Purpose : The Gq-coupled DREADD (designer receptors solely activated by designer drugs) hM3Dq increases neuronal activity as a result of elevated cytosolic calcium (Ca²⁺) levels. Inositol 1,4,5-trisphosphate receptor (IP3R)-driven Ca²⁺ release from the endoplasmic reticulum (ER) or mitochondria is the primary mechanism for hM3Dq-induced neuronal excitation. Here, we tested the hypothesis that IP3R-dependent retinal ganglion cell (RGC) Ca²⁺ dynamics and subsequent ATP production are affected in the early stages of ocular hypertension (OHT).

Methods : An adeno-associated virus vector type 2 encoding hM3Dq (AAV.hM3Dq) was delivered intravitreally to target RGCs. Live two-photon laser scanning microscopy (TPLSM) trans-scleral imaging was used to record the following hM3Dq-evoked responses: i) single-RGC Ca²⁺ dynamics in transgenic mice carrying the Ca²⁺ sensor GCaMP6f, and ii) RGC-specific ATP changes using an AAV vector encoding the ATP sensor Ateam. OHT was induced by intracameral injection of magnetic microbeads, and Ca²⁺ and ATP signals were recorded two weeks later, prior to RGC loss. Longitudinal TPLSM imaging was performed before and after clozapine N-oxide administration (CNO, 5mg/kg, i.p.). Ca²⁺ and ATP signals were extracted and spike frequency, inter-spike interval, mean amplitude, amplitude variability, and ATP signals were computed.

Results : In vivo longitudinal Ca²⁺ and ATP TPLSM imaging revealed disrupted Ca²⁺ dynamics and compromised energy balance following CNO administration in glaucomatous RGCs (N=4-8 mice/group, n>700 RGCs, p<0.01). RGCs subjected to OHT displayed a marked increase in spontaneous spike frequency (sham: 0.20 ± 0.04 Hz, OHT: 0.30 ± 0.06 Hz, N=4-8 mice/group, n=98-102 cells/group, p<0.01). Neuronal hyperexcitability coincided with a substantial decrease in ATeam FRET signals, indicative of reduced ATP levels in RGCs (N=5 mice/group, n=213-287 cells/group, p<0.01). Analysis of molecular pathways by single-cell (sc)-RNAseq, qRT-PCR, flow cytometry, and immunohistochemistry revealed RGC-specific downregulation of IP3R1 gene and protein expression.

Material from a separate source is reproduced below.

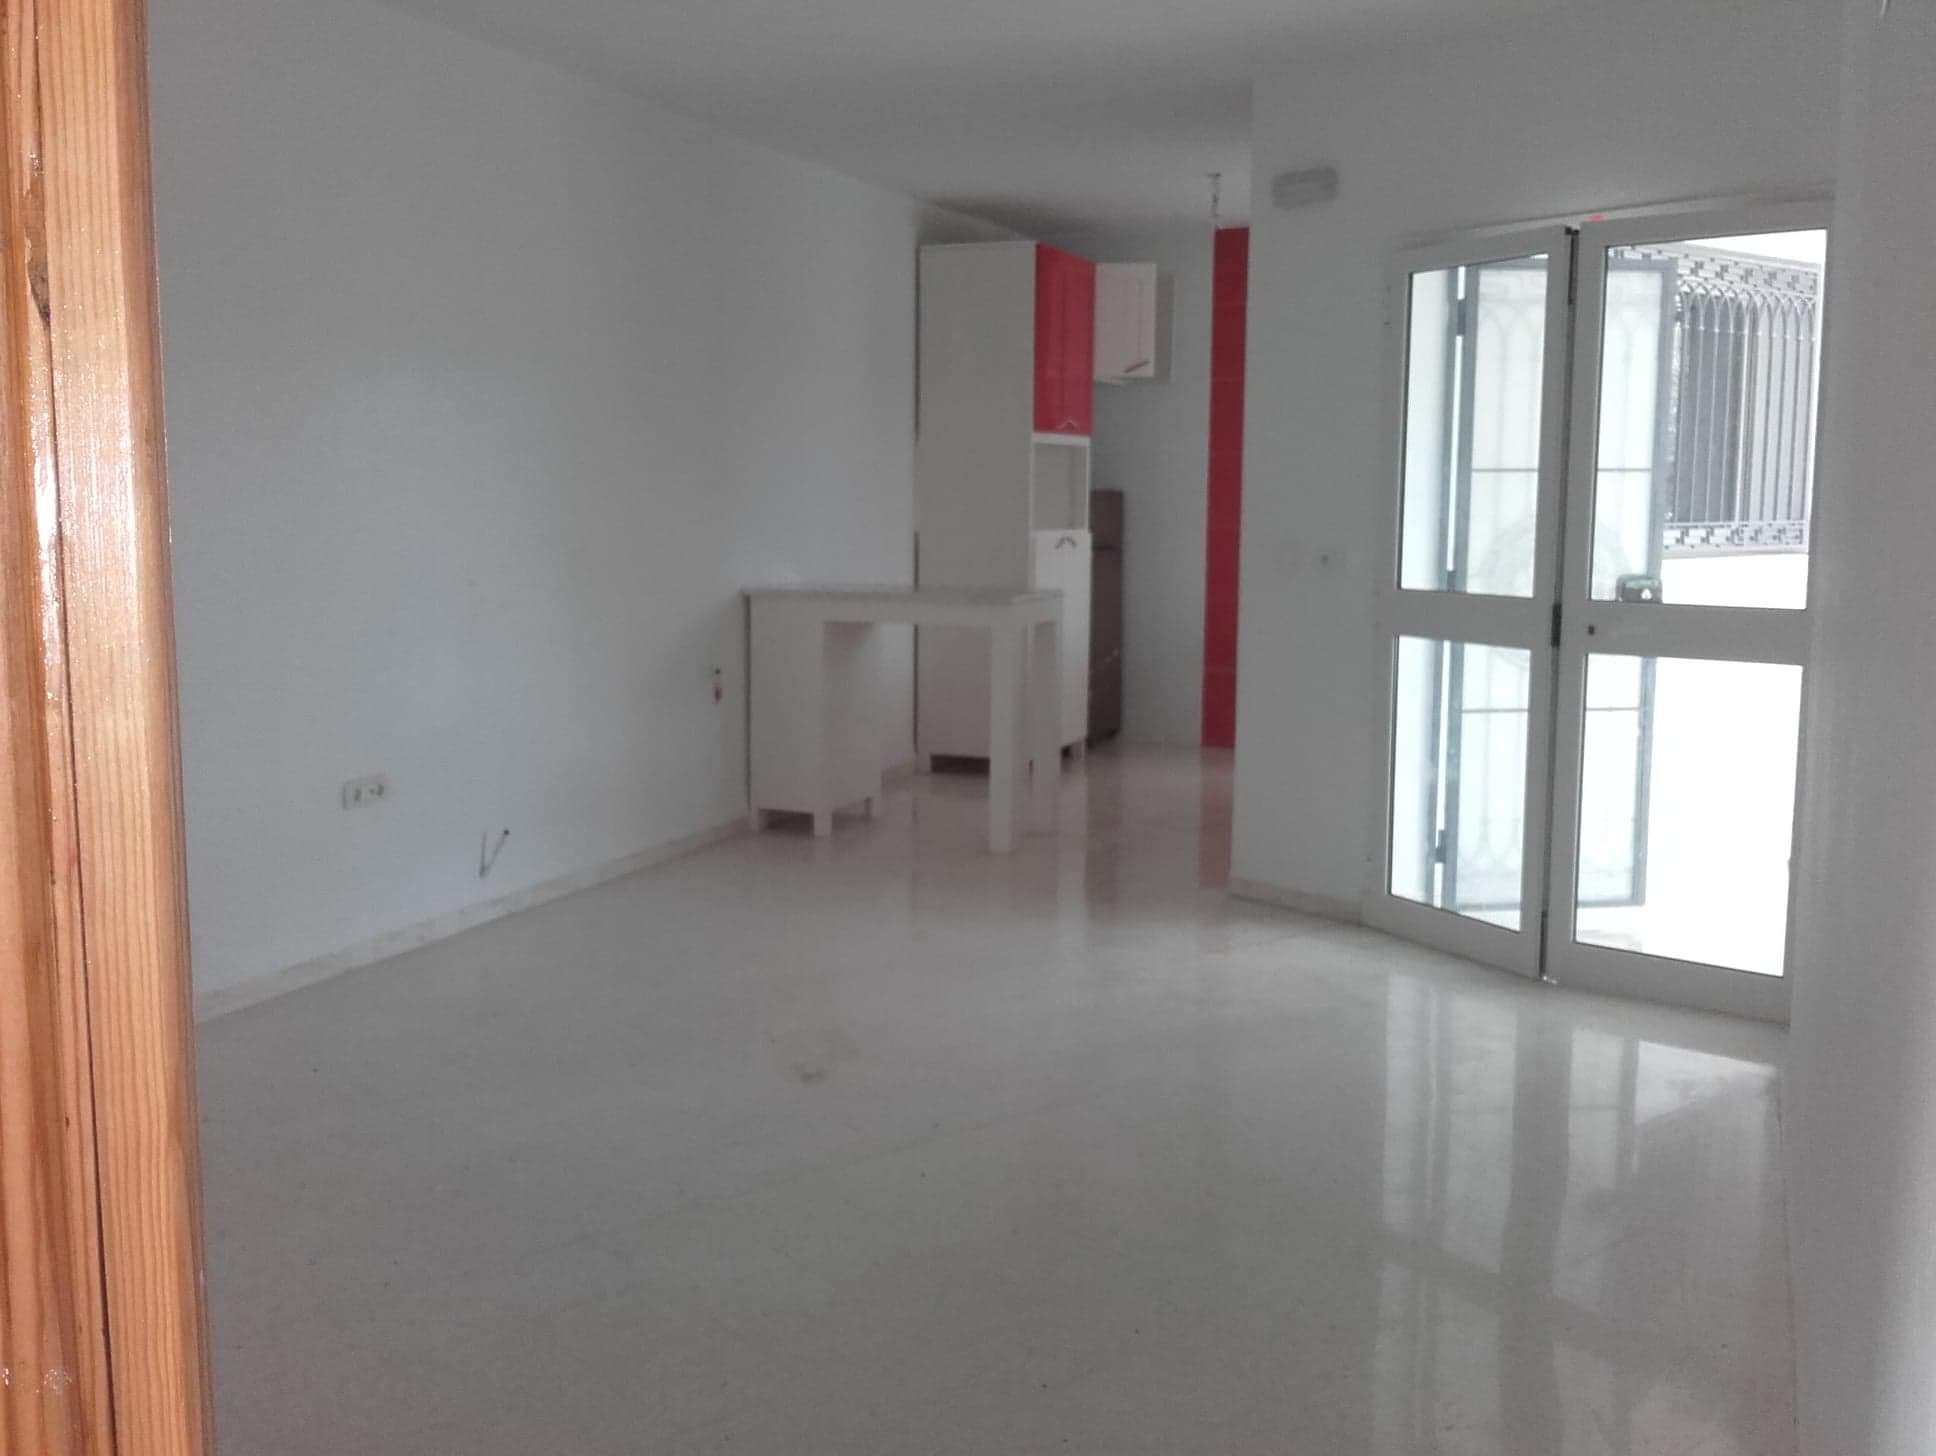 Akouda Tantana Location Appart. 2 pices Appartement hs

Conclusions : Our findings reveal early RGC hyperexcitability and energy deficits during OHT-induced stress, and suggest that IP3R1 dysregulation has a detrimental effect on the ability of these neurons to maintain Ca²⁺ and energy homeostasis.

This abstract was presented at the 2024 ARVO Annual Meeting, held in Seattle, WA, May 5-9, 2024.